Techne

Emily Fisher profile

Dr Emily Fisher.jpg

Emily Fisher

University of Surrey (2015 - 2019 )

Supervisor(s)

Professor Bran Nicol

Thesis

Gothic Faultlines: Multimodal American Literature and the Collective Reading Enterprise

About

PhD Thesis Abstract

The Gothic in the post-millennial period offers writers an anchoring point, a site of familiarity for the reader, in the midst of an evolving culture of reading. Moving beyond recognising the binary conception of old vs new media, at stake in this thesis is the reader’s approach to the text in light of digital developments to reading habits. The evolution of digital technologies that have influenced approaches to reading include our ability to process vast amounts of data in quick succession through hyperlinks, and the capacity to locate relevant data amongst an endless flow in a non-linear, multi-cursal format: recognised as ‘browsing or ‘surfing’ the web. This style of reading is indicative of the pathways through a labyrinth: a key motif for the digital posited by a range of critics included in this thesis such as Pierre Lèvy (1997), Espen J. Aarseth (1997), N. Katherine Hayles (2008) and Marie-Laure Ryan (2015). For the post-millennial novel, it is the changes that have occurred in light of digital reading practices that has led to the re-birth of the reader, not as an individual, but as a collective. Readers of the multimodal novel are driven by the physical responses required of them by the Gothic mode in a moment of boundary transgression of the storyworld and actual world: a Gothic faultline.
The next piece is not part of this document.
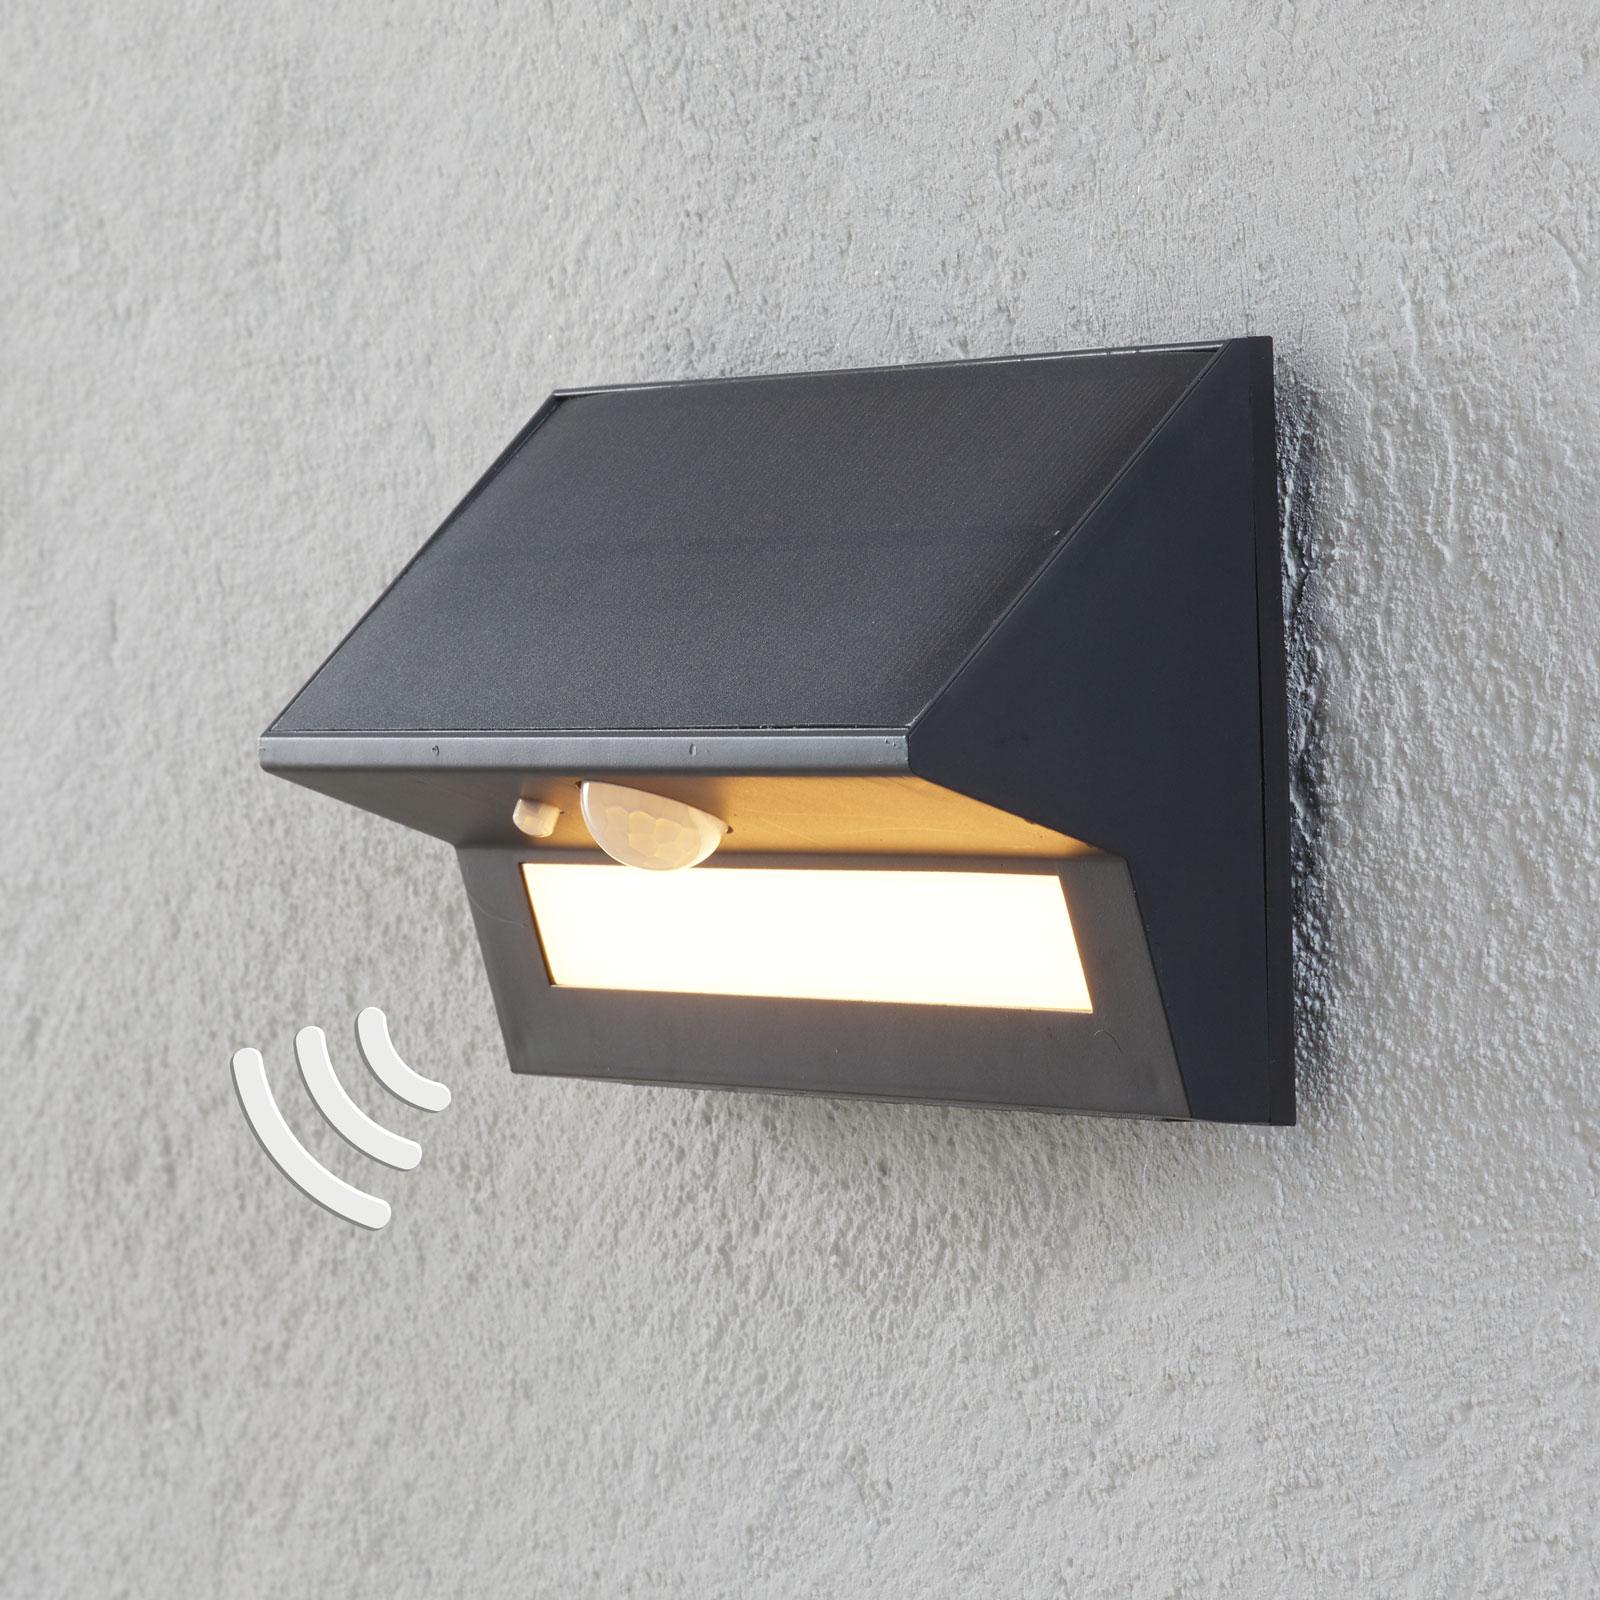 LED-Solar-Außenwandlampe Kristiana mit Sensor
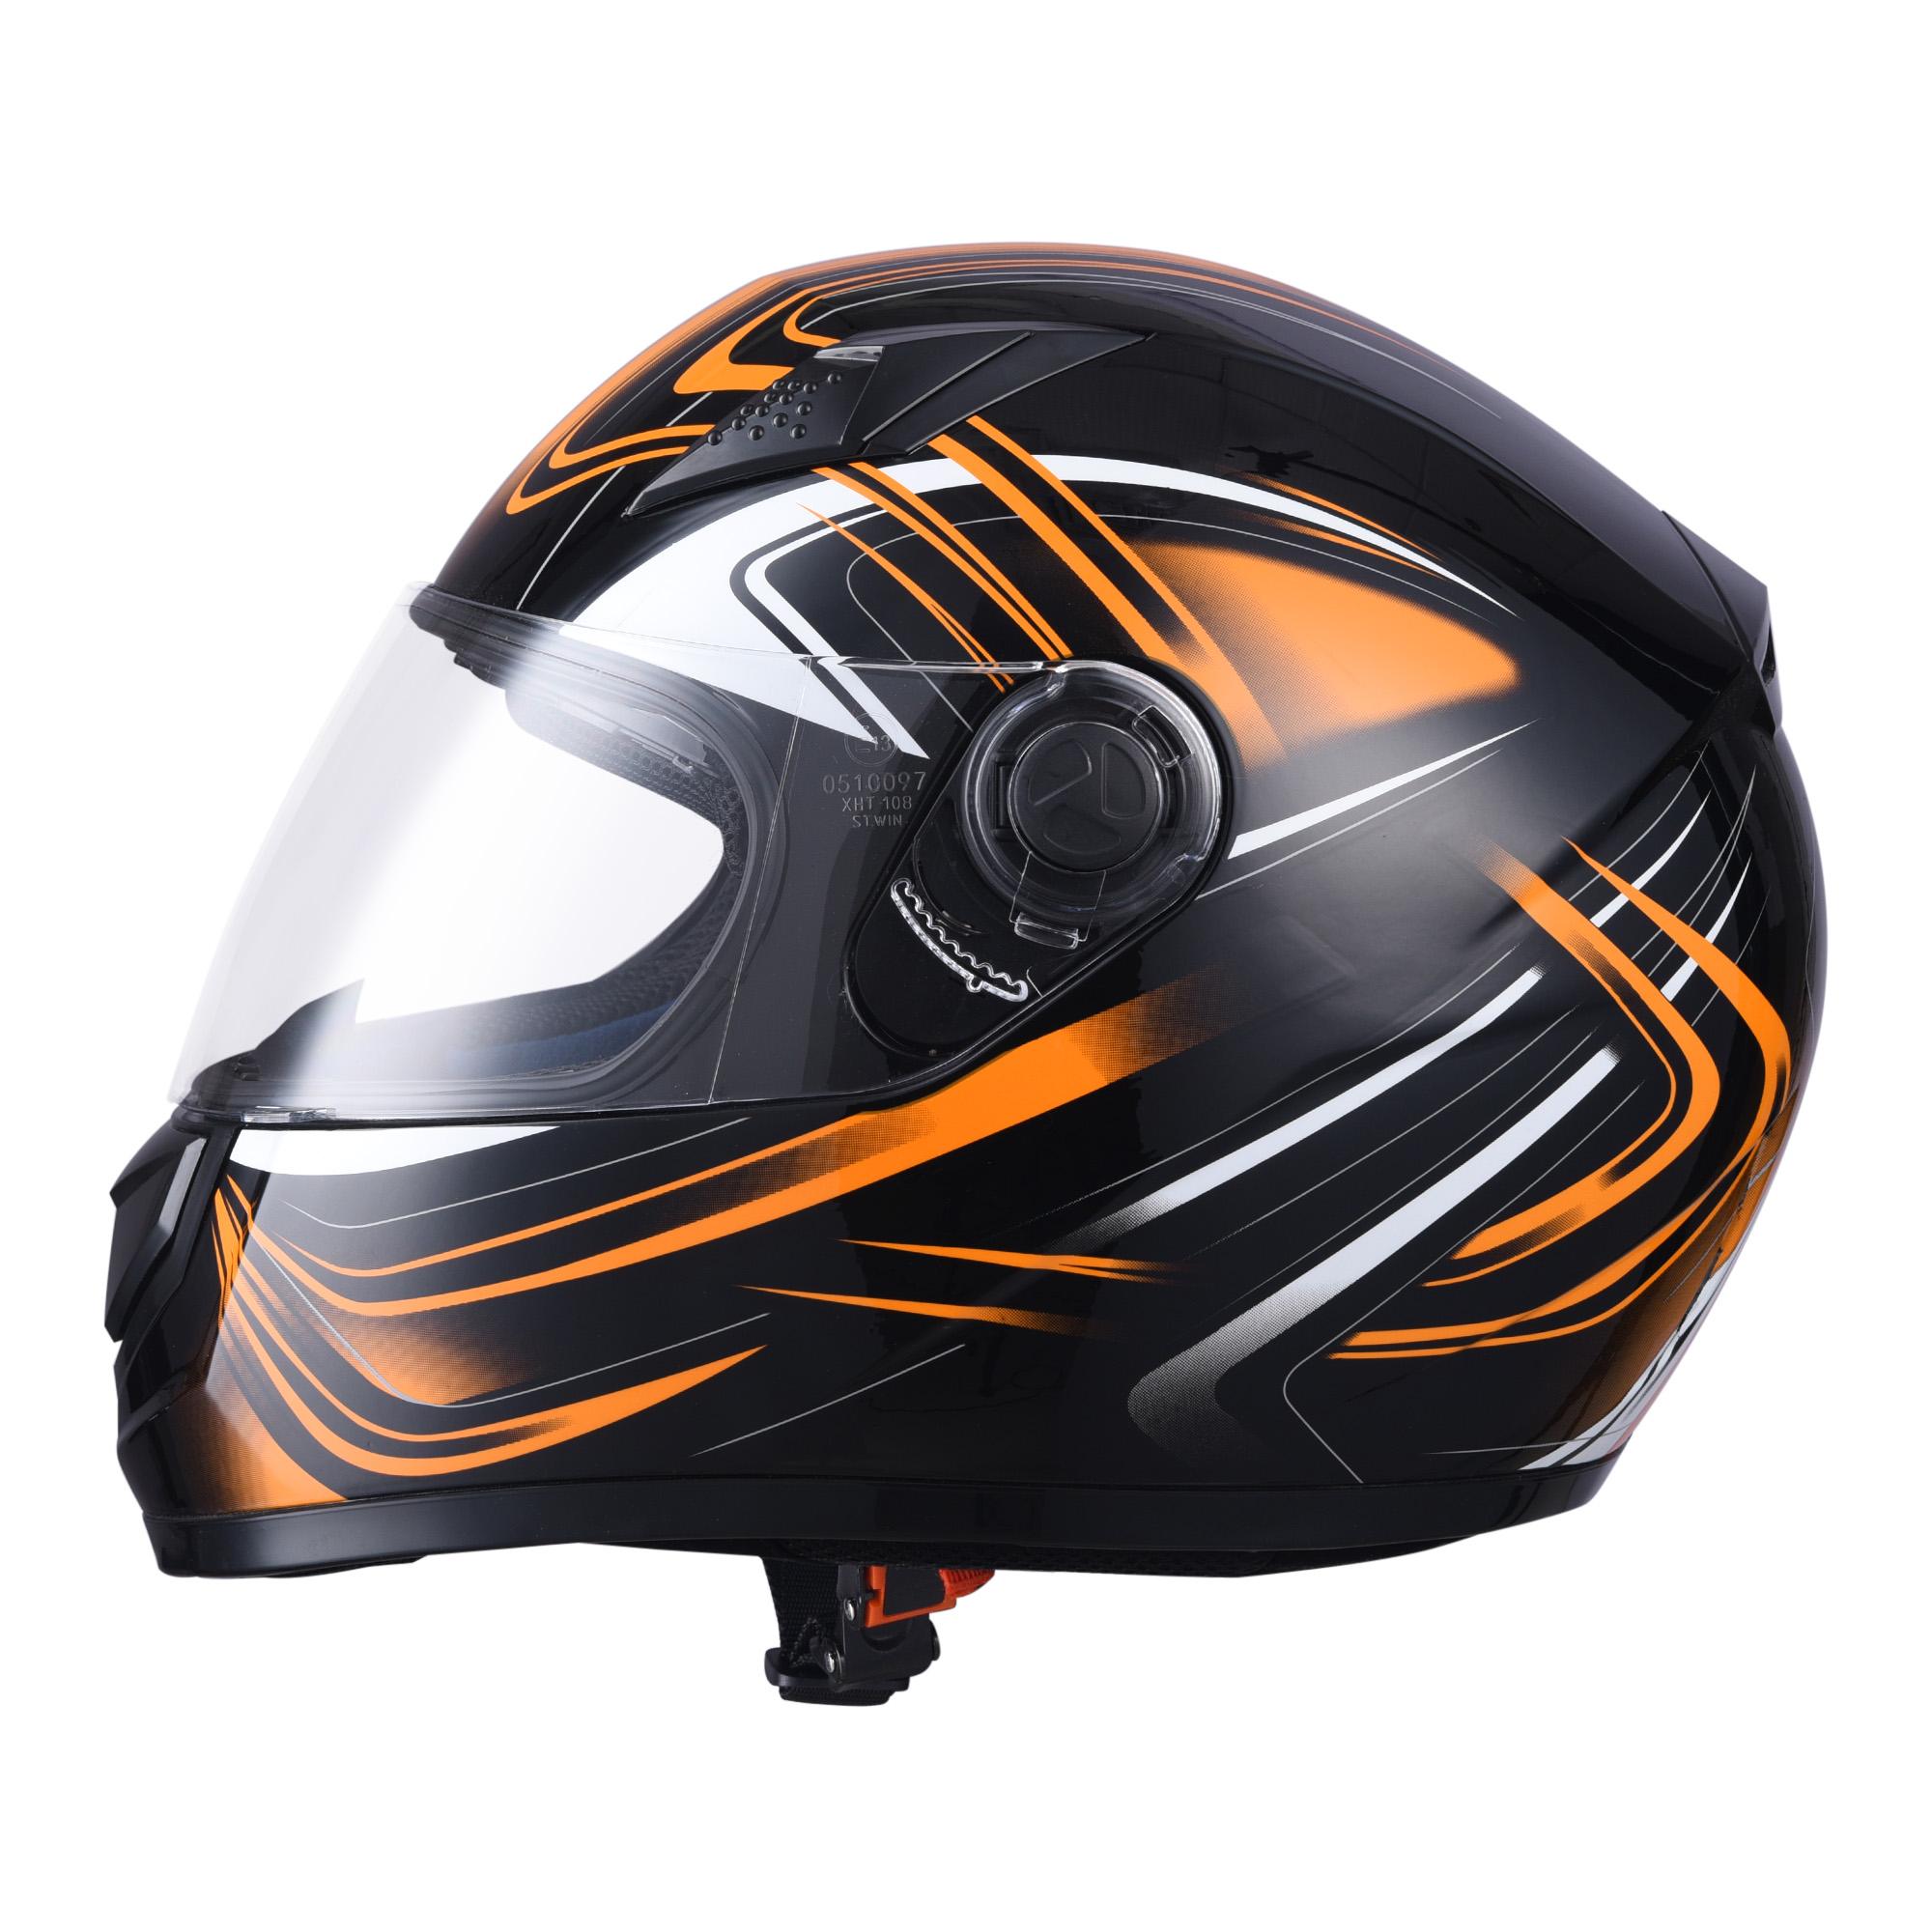 miniature 75 - AHR K12 Full Face Motorcycle Helmet DOT Air Vents Clear Visor Racing S M L XL

My thesis locates the authors’ use of familiar Gothic tropes in Mark Z. Danielewski’s House of Leaves (2000), Bret Easton Ellis’ Lunar Park (2005), JJ Abrams’ and Doug Dorst’s S. (2013) and Zachary Dodson’s Bats of the Republic (2015) as a way of situating the reader in familiar territory. These tropes anchor the reader’s navigation through complex narrative structures. It is then possible to identify the moment at which the reader becomes conscious of their direct involvement in the storyworld, an affective and physical experience that can be conceptualised through the Lacanian term extimacy. Spanning both the interior of the print novel and external digital platforms that expand the storyworld, I conceptualise the reader’s experience using Garrett Stewart’s (1997) ‘Gothic of reading’ to underpin the process of activation a reader of Gothic fiction experiences. Consequently, I argue that the reader is no longer a mere consumer of entertainment, but an investigator, collaborator, code-breaker, and sometimes even a translator. The Gothic, it seems, is the ideal mode to capture both the anxieties of the digital present whilst harnessing recognisable forms to ease readers into the demands of the multimodal novel.

Post PhD 

Since completing her PhD, Emily has worked in both teaching and research roles at the University of Surrey, University of Southampton and Newman University. Alongside academic roles, she founded an online learning platform called The Learn Lab which has been featured in the national press.